Israel asked the Red Cross on Thursday to help recover the remains of two soldiers killed in Gaza, Israeli officials said.
They said the request was made to Peter Maurer, president of the International Committee of the Red Cross (ICRC), who met Israeli Prime Minister Benjamin Netanyahu and Defence Minister Moshe Yaalon during an Egyptian-mediated truce that has temporarily halted the war in the Palestinian enclave.
Israel has lost 64 soldiers in the fighting, among them Shaul Oron and Hadar Goldin, who went missing on July 20 and on August 2 respectively.
Israeli authorities later declared them dead based on forensic findings. Israel says it does not know where Oron's body is but that the army recovered Goldin's partial remains, allowing his family to hold a funeral.
Hamas said hours after Oron's disappearance it had captured him alive, publishing his name and military identification number but no photographs. While acknowledging that its men ambushed Goldin's unit, Hamas says it has no information on his whereabouts.
An ICRC spokeswoman, Cecilia Goin, declined to confirm or deny the Israeli request.
"What we do normally, in every case of armed conflict, is offer our services to faciliiate the transfer of mortal remains. But we don't discuss publicly any specific case," she said.

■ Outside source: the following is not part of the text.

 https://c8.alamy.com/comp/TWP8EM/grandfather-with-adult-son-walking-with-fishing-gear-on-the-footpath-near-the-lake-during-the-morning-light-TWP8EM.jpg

A Hamas spokesman, Sami Abu Zuhri, declined to comment other than to say: "Such matters are handled in special channels, and of course not through the media, as Netanyahu knows full well."

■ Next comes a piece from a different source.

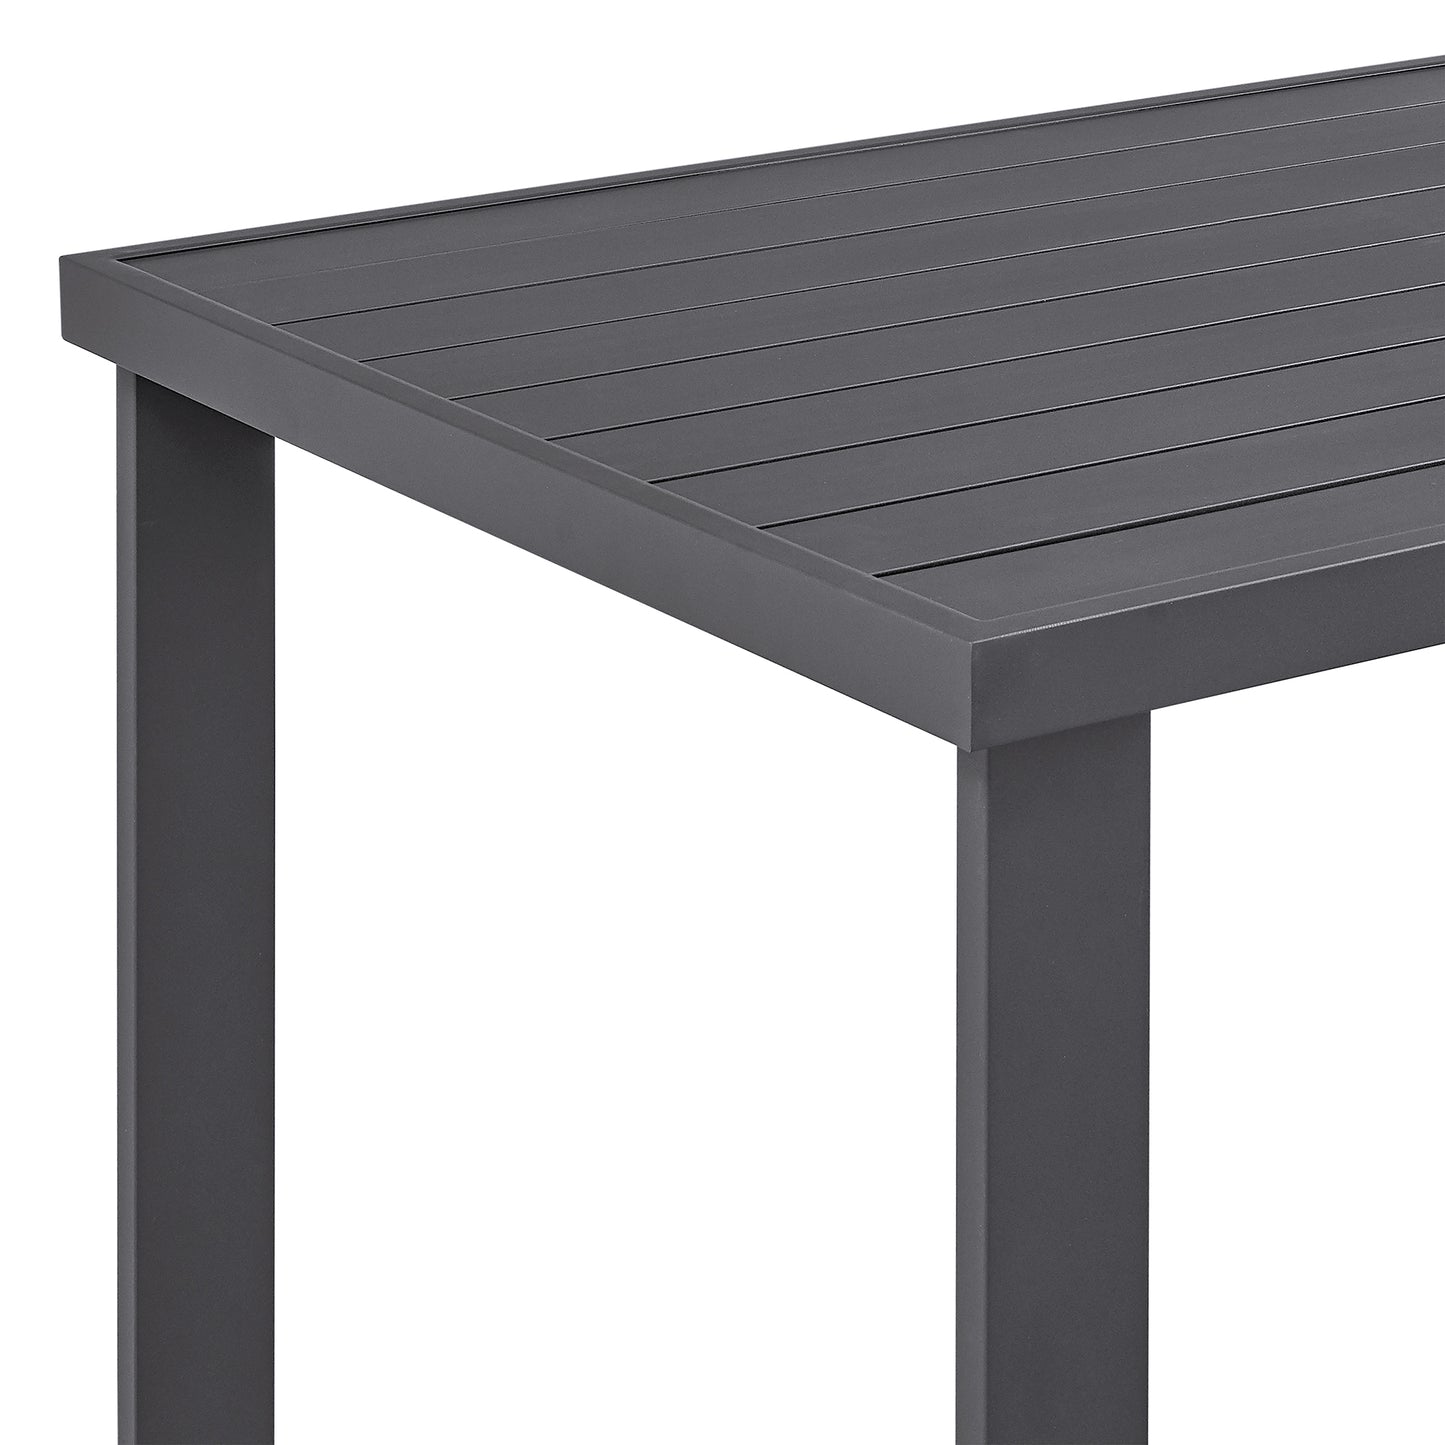 Argiope Outdoor Patio 5-Piece Bar Table Set in Aluminum with Gray Cushions

In the past, Israel has twice released Arab prisoners in exchange for the bodies of soldiers slain by the Lebanese group Hezbollah. Israeli authorities have shown unwillingness to bargain for Oron's and Goldin's remains.
"Hamas is certain that abducting a soldier is our soft underbelly," security cabinet minister Tzipi Livni said on Saturday. "The less we expose this belly, the less they will try to abduct soldiers in the future. We need to make this clear."